Data segment:

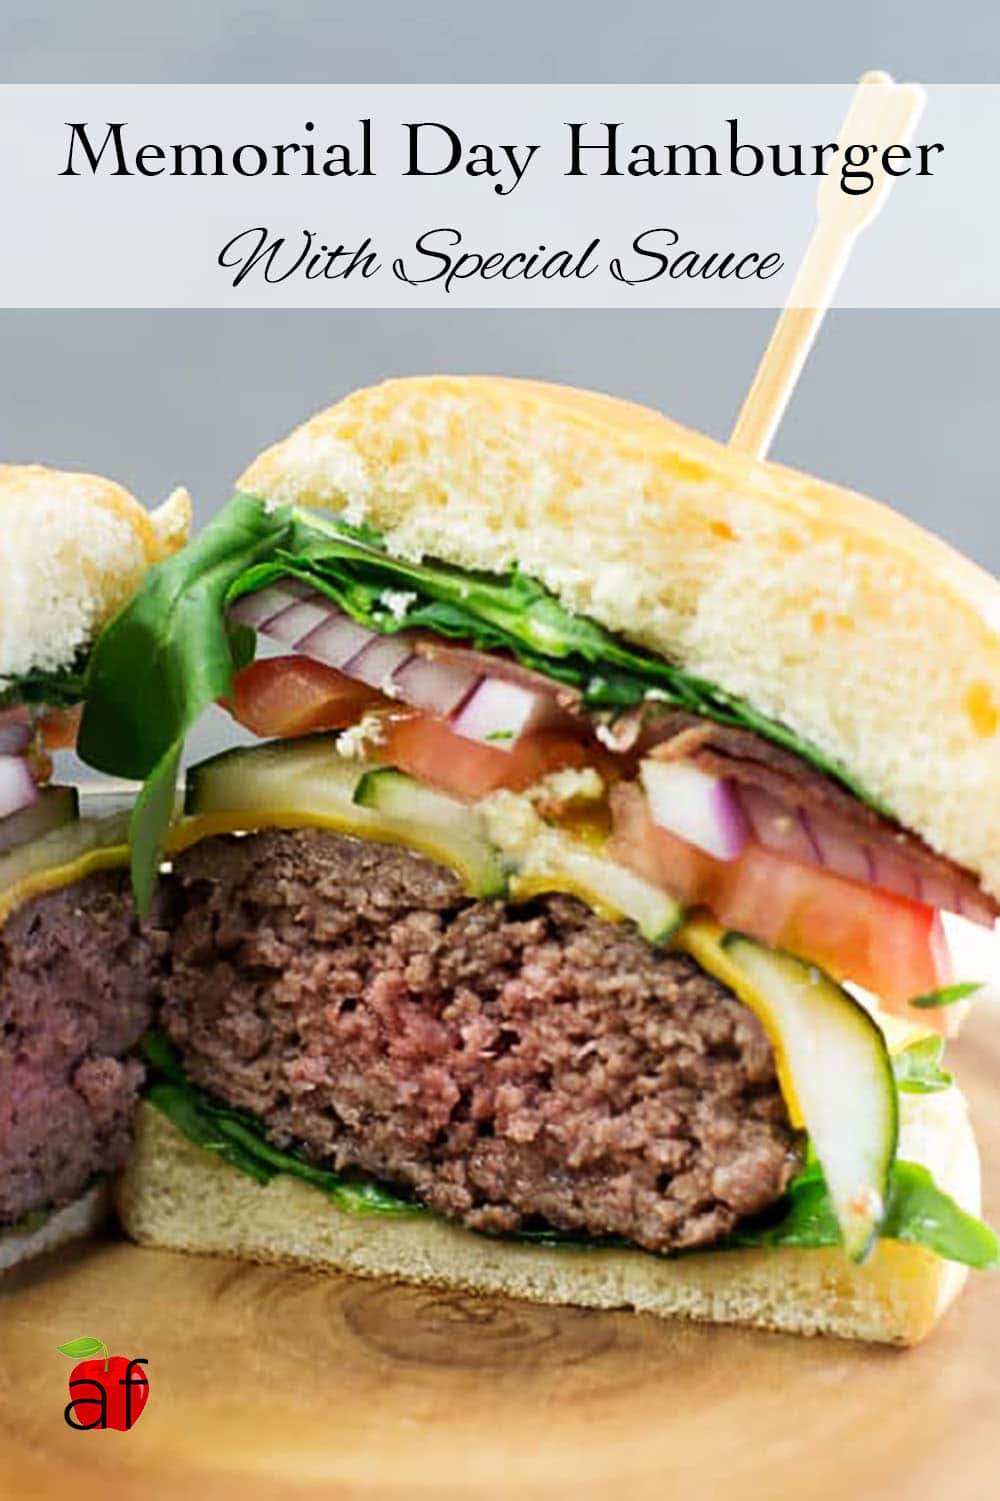 Big Juicy Hamburger Made With Secret Sauce Artzy Foodie
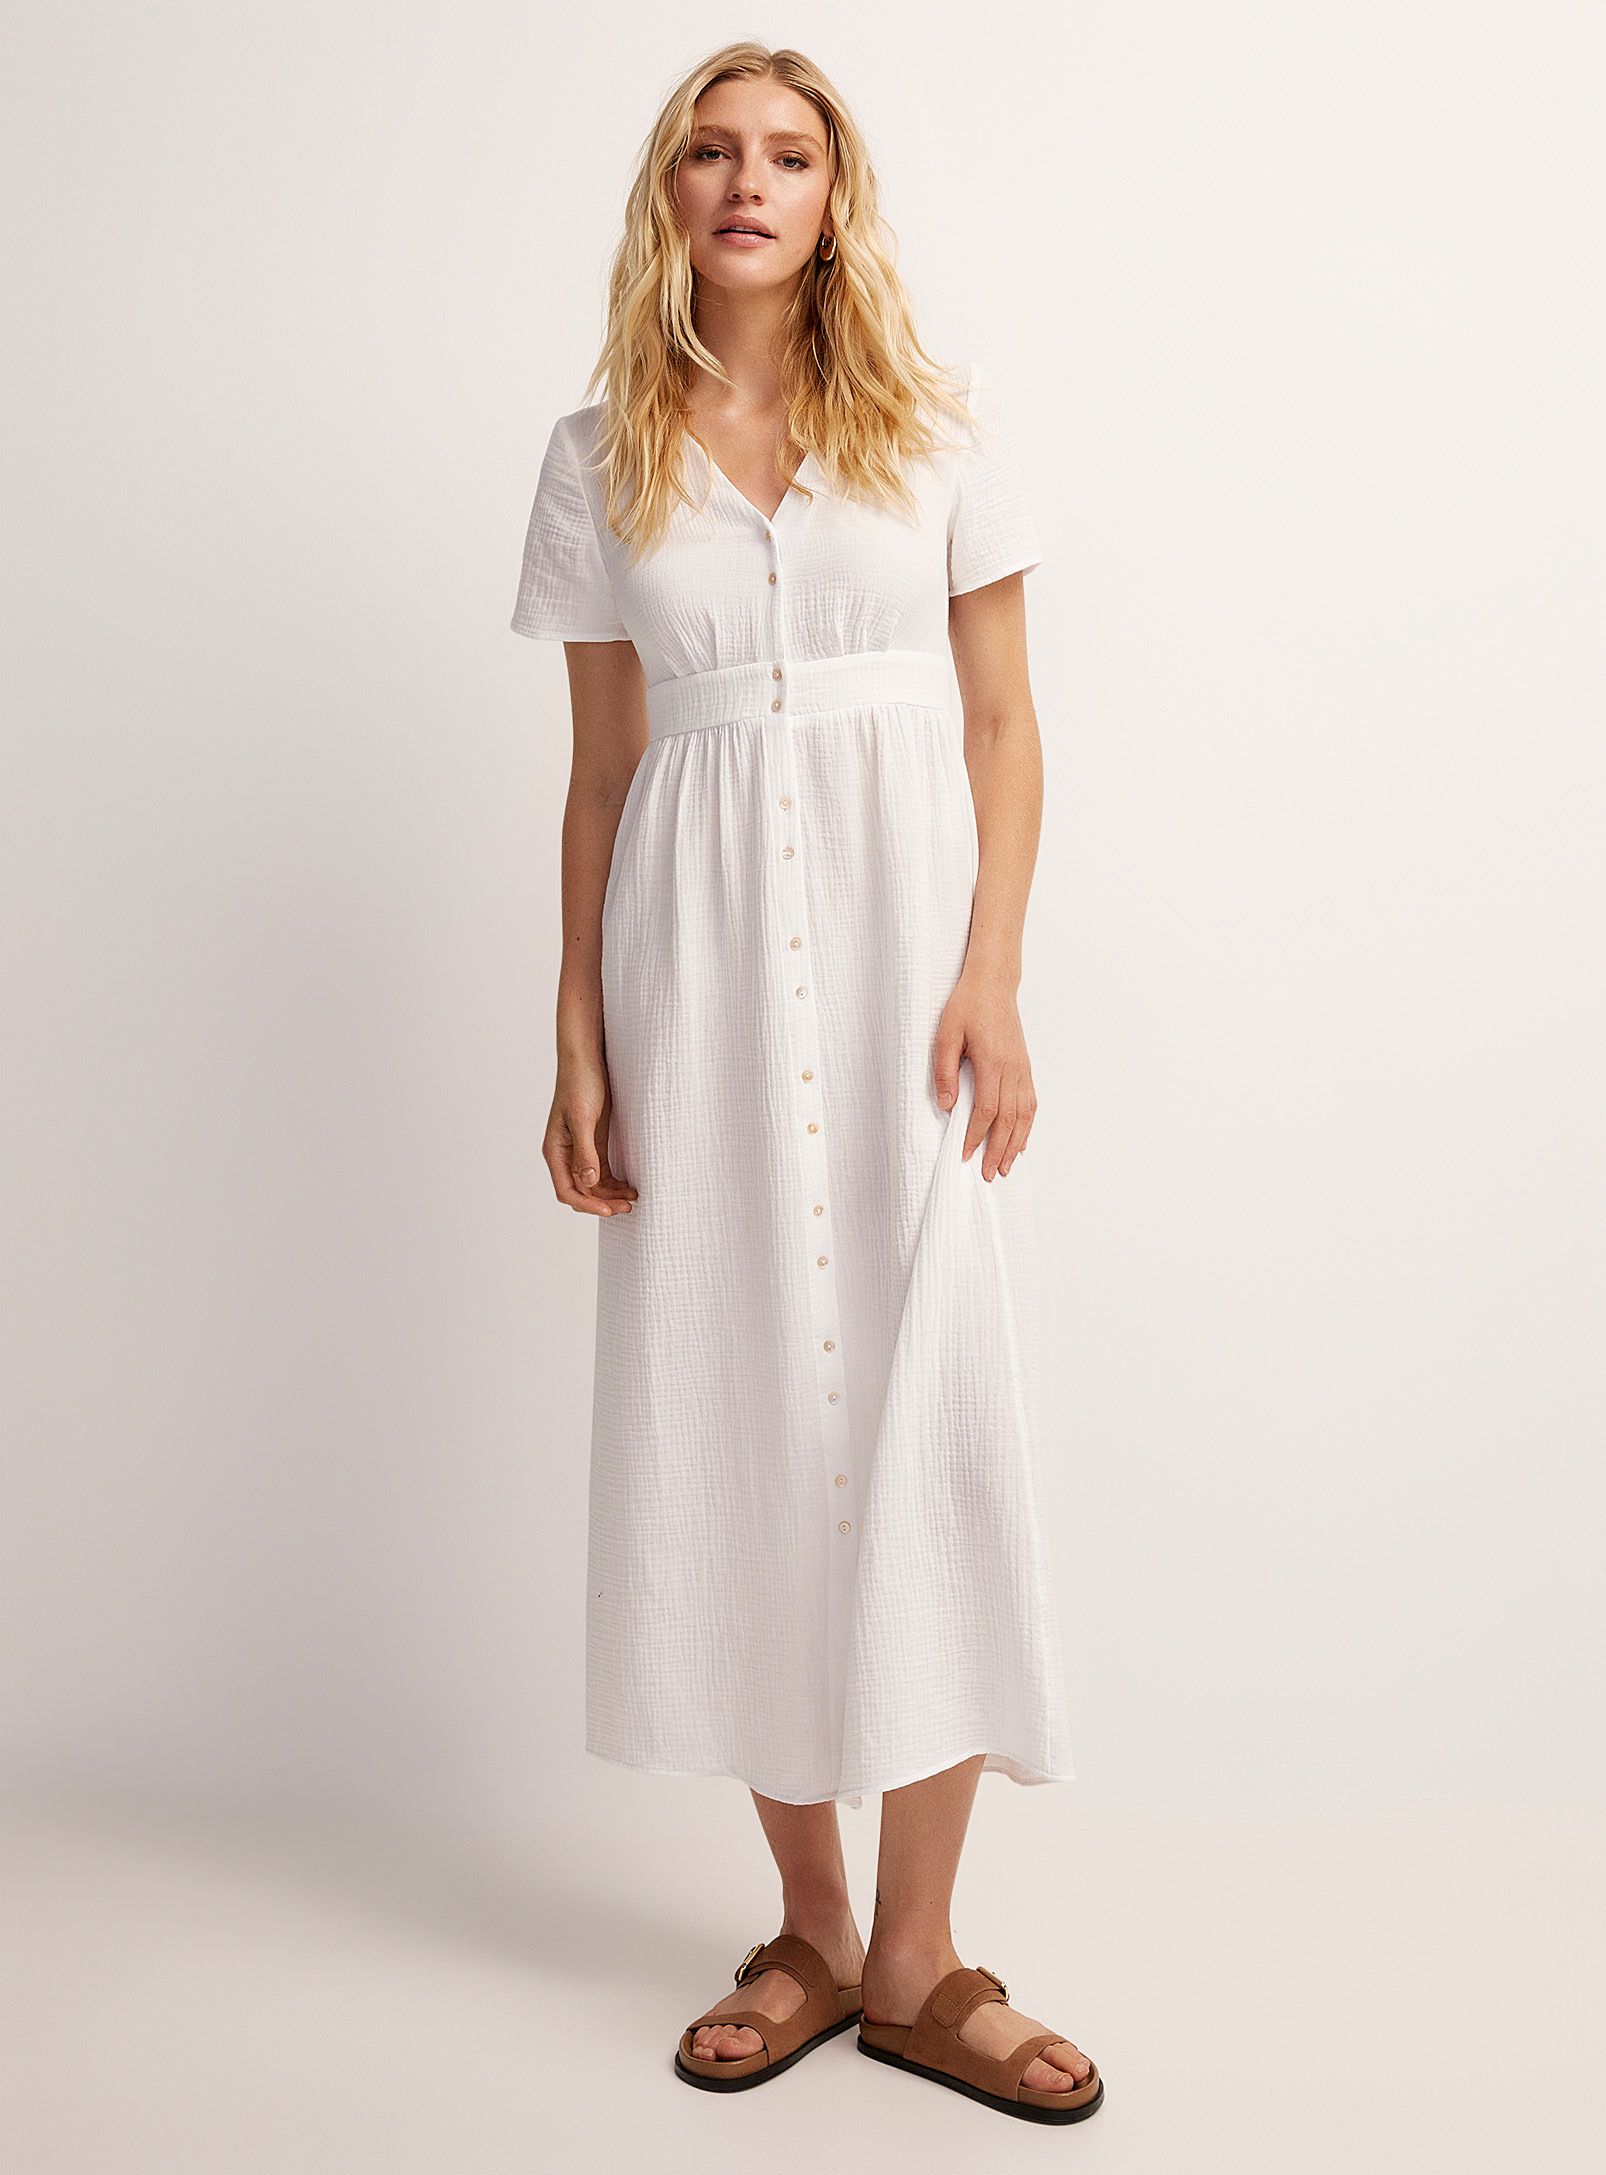 Vero Moda - Women's Cotton gauze maxi white buttoned dress
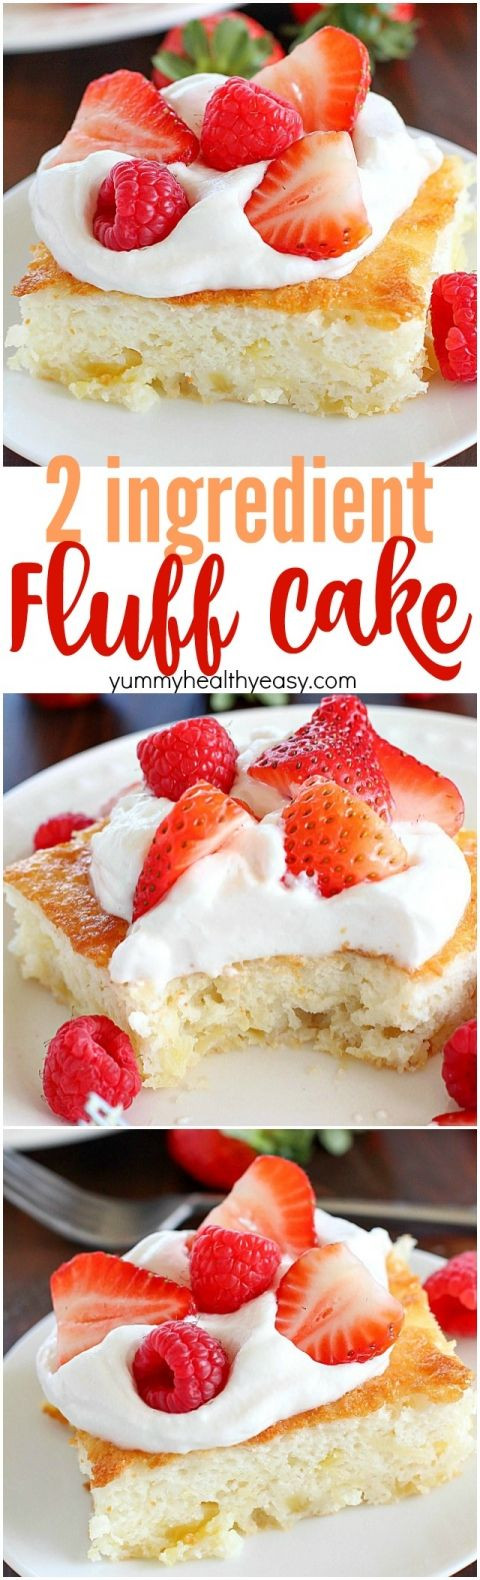 Low Calories Desserts
 Best 25 Low calorie cheesecake ideas on Pinterest

What you have to do: Extract the full listing exactly, with the pictures left out.

Finished task:
 Big Juicy Hamburger Made With Secret Sauce Artzy Foodie
 Vero Moda - Women's Cotton gauze maxi white buttoned dress
 Low Calories Desserts
 Best 25 Low calorie cheesecake ideas on Pinterest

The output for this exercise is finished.